Pat, we've had a couple of other ECOs do this. The gearbox needs to be replaced.


----------



## Robby (Mar 1, 2013)

Most likely a worn syncronizer on the gear side.......if you can reproduce it for the dealer you are a candidate for a trans replacement.

If it was a linkage adjustment, other gear positions would pop out as well.

Are you still within five years since in service?.......gotta be getting close.

Rob


----------



## Patman (May 7, 2011)

I think I am still in warranty. The car is a 2012 bought beginning of 2013 with 70K on the odo. I will take it to the dealer tomorrow. See if I can get it taken care of next week. The reproducing is the only thing I am concerned about. Requires driving slow in 3rd and not really accelerating.


----------



## Patman (May 7, 2011)

Update: Looks like I will be getting a new tranny and clutch. 

First I thought to take it to my purchasing dealer @ 20 miles from where I live. Big mistake!!! I went in and first off you have an appointment for something other than oil changes and tire rotations on Saturday. Then I told them what was going on(upon looking at me like I had 2 heads no one has problems like mine) and I had to set up an appointment for next Tuesday with a contingent $110 service charge and I would have to leave my car there until they determined I was "full of it" or they could recreate the condition. With no kind of confirmation that they would or could do anything with it. Not even looking at the car bc I will come back another day. 

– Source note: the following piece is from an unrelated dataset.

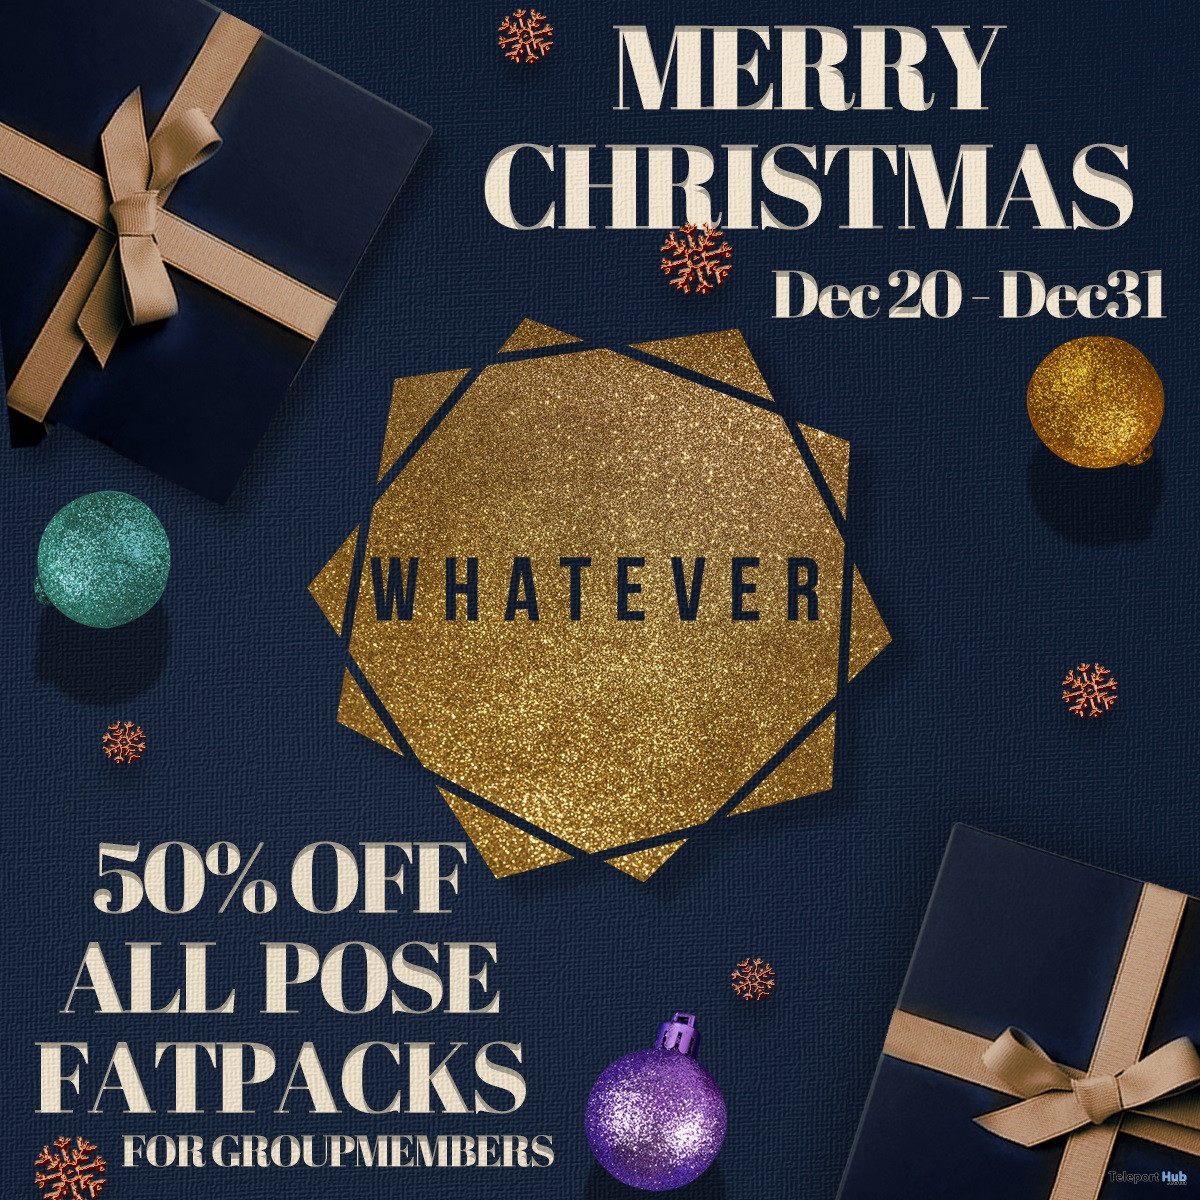 Whatever Store's Merry Christmas Sale 2022 - Teleport Hub - teleporthub.com

Then I went to a dealer @ a mile from my house and told them I need to talk to someone about what is going on. So I told the service advisor and at first he tried to play it off that it was a clutch issue(that is all that goes wrong with manual trannys) So he called in his transmission mechanic and I told him and he asked a few question(any other gear etc.) and I told him just 3rd. He said sounds like the 3rd gear syncros are gone and they don't repair any more just replace the gearbox and he said listening to me there is no reason to believe I am lying about it to he told the advisor to order a tranny.(I joked around about putting a LT tranny instead since this is really not a highway car for me) Suggested to replace the clutch also with the tranny out(clutch necessary) probably not. Since it is apart and only will only cost parts for the clutch(6 - 700) not like taking it back and having replaced after the fact(13- 1500). I said OK. Ordering parts on Monday and call when come in. Get it taken care of. Be like a new car(mechanically)with 70K on it. I live on bus line so no problems really with transportation and wife said I can use her car for the few days. 

First dealer I went to just gave me too hard of a time for service so......... I get the feeling they are idiots anyway.

Thanks guys...


----------